There are several things that might be making it worse for those WFHing—from bosses who might be tracking all the websites you visit to those who don’t understand how you can burn out while sitting at home. And then there are these new lines we’re all hearing that might’ve made us laugh at our new realities once, but now just make us sigh. Here’s a short list of stuff you should try to avoid saying or encourage colleagues on the other end of your laptop screen to avoid saying, because life is tough as it is:

“Can you please turn on your camera?”

“I’m now going to share my screen… can everybody see it?”

“Sorry, I was on mute and didn’t realise I was just talking to myself.”

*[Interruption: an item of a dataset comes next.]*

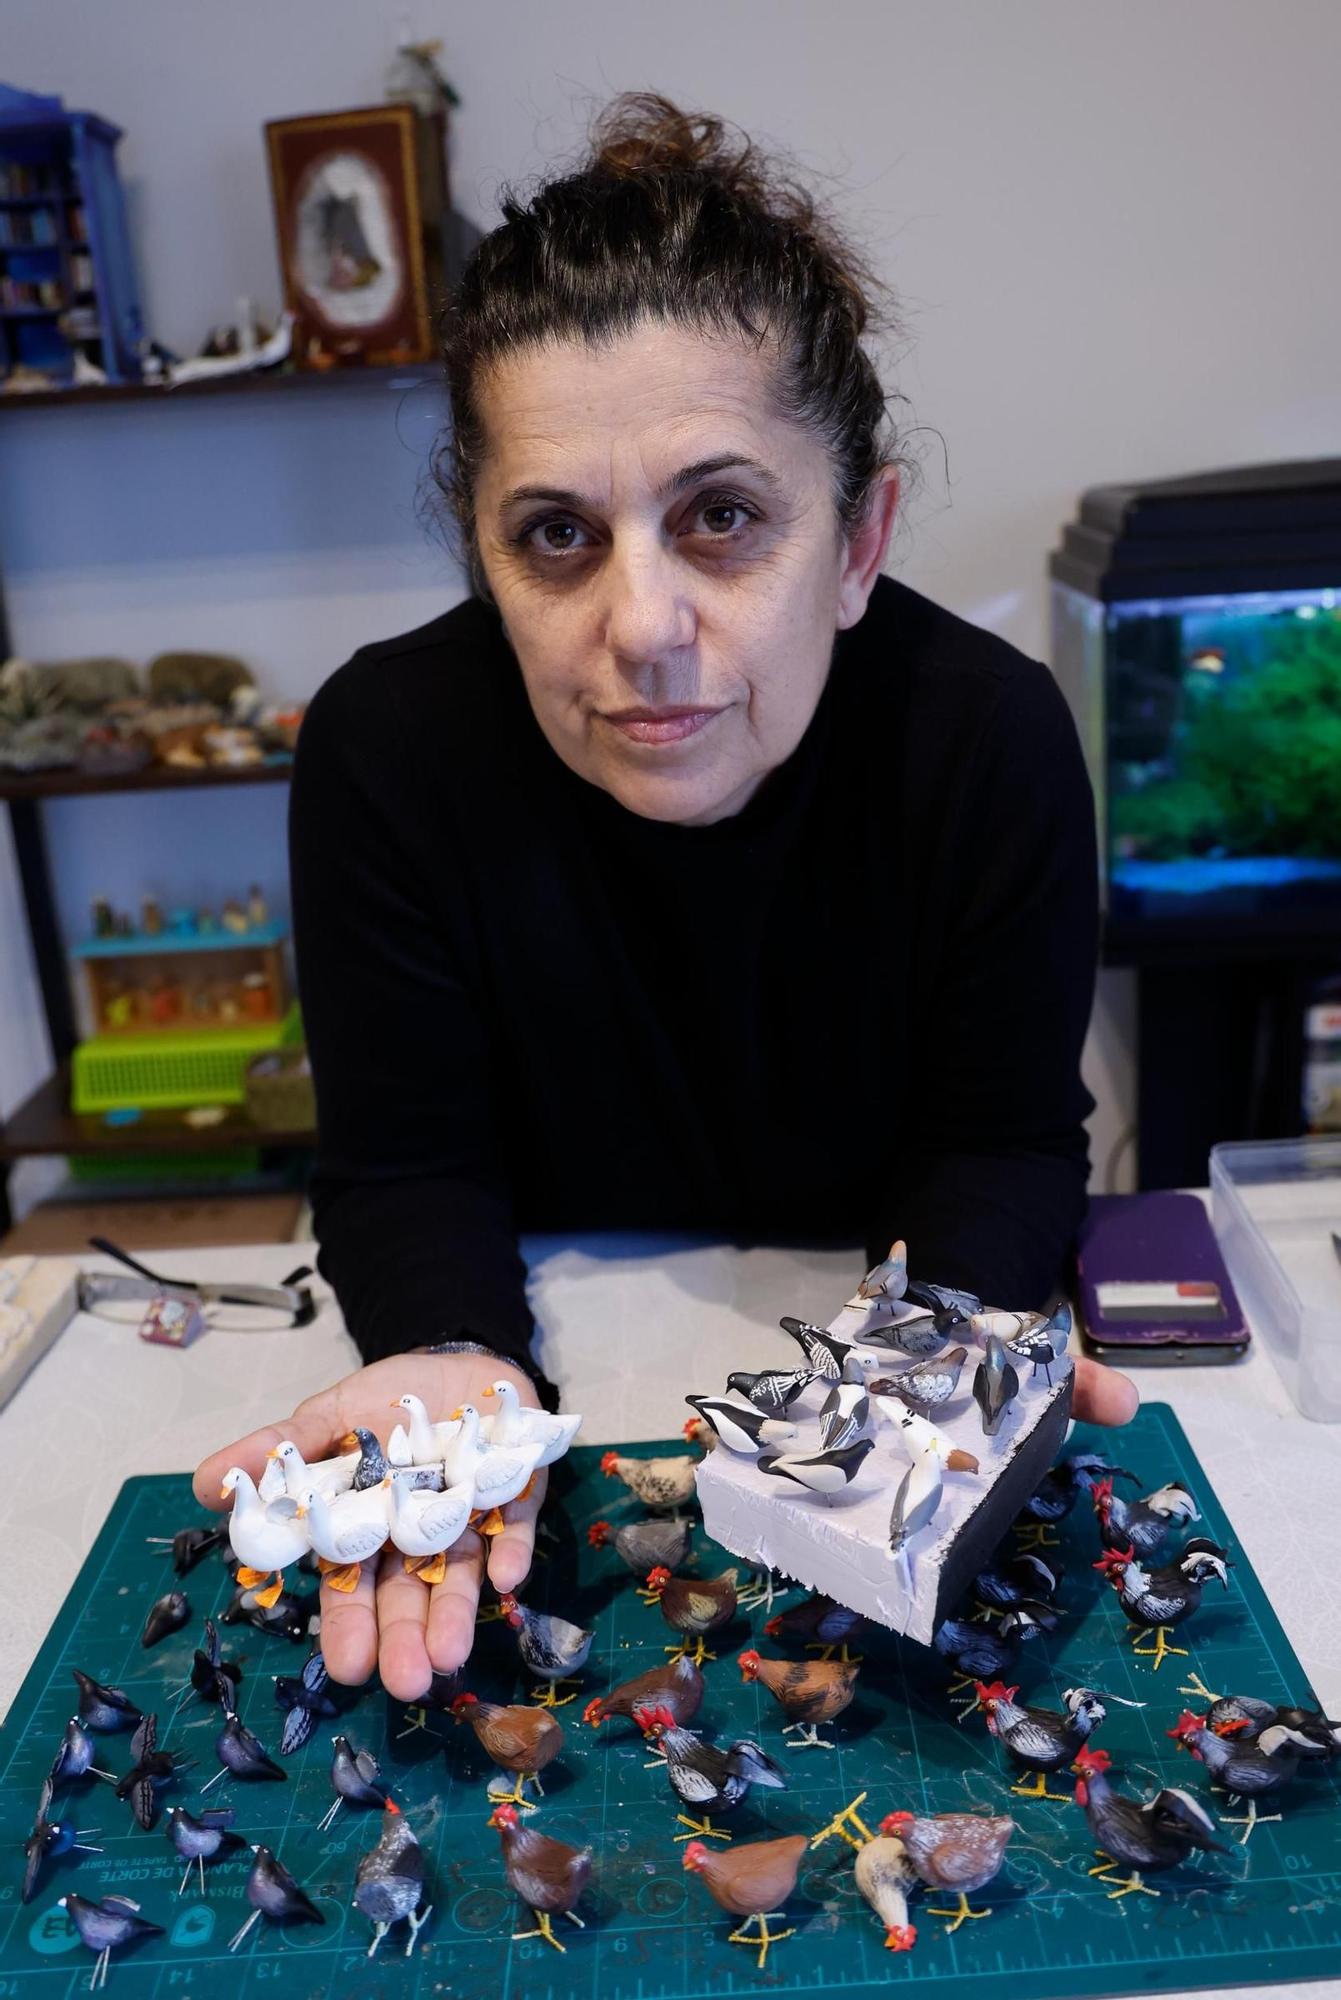 Lupe Soto elabora animales, frutas o libros en miniatura, personalizados y perfectamente legibles, desde recetarios de cocina a la colección de Harry Potter
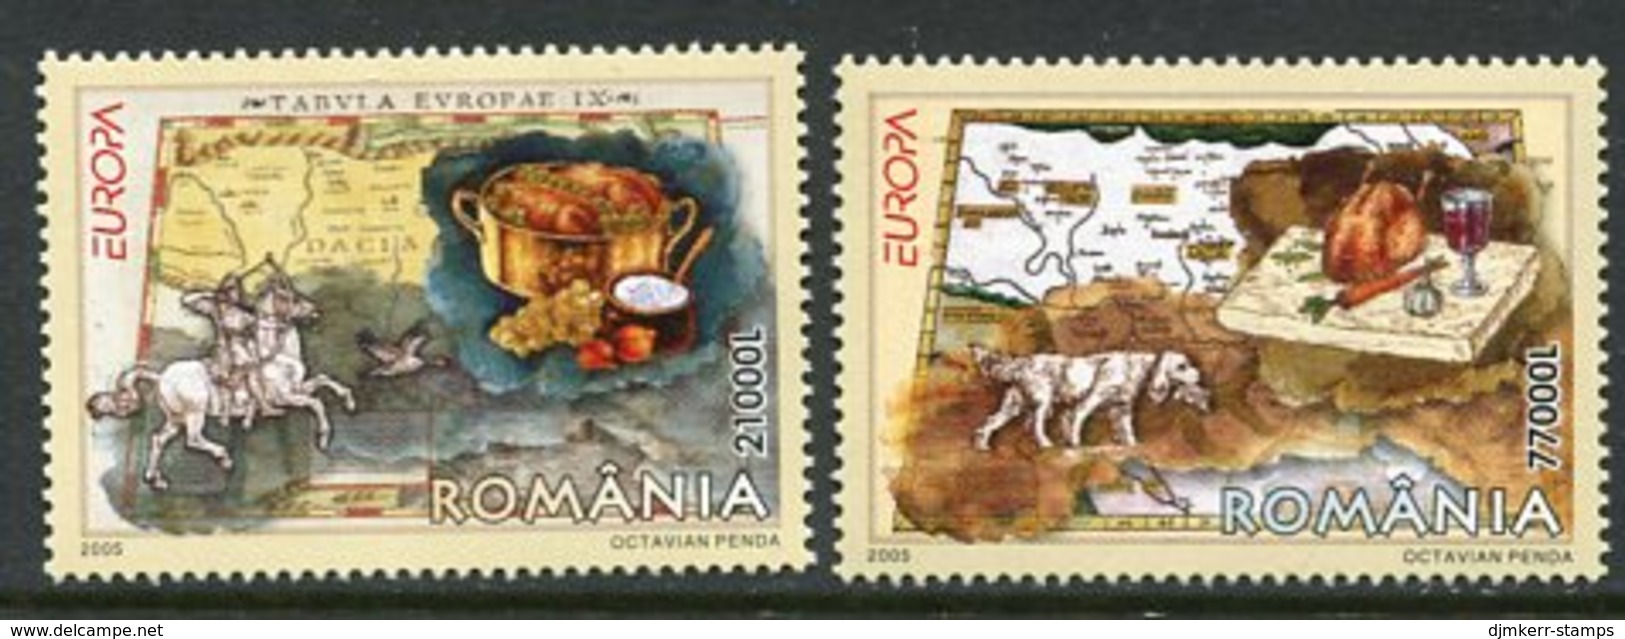 ROMANIA 2005 Europe: Gastronomy  MNH / **.  Michel 5935-36 - Ongebruikt

“Can everyone make sure they’re on mute?”

“You’re on mute, we can’t hear you.”

“I'm sending you an invite for Zoom, just come on it.”

“Just confirming that everyone can still see my screen.”

“Sorry, can you please repeat that?”

“We can’t hear you.”

“We lost you there for a moment.”


“These are unprecedented times.”

“We’re all in this together.”

“This is the new normal.”

And if nothing, just for god’s sake, share that damn screen without waiting for people to unmute and respond to your question of whether they can see your damn screen.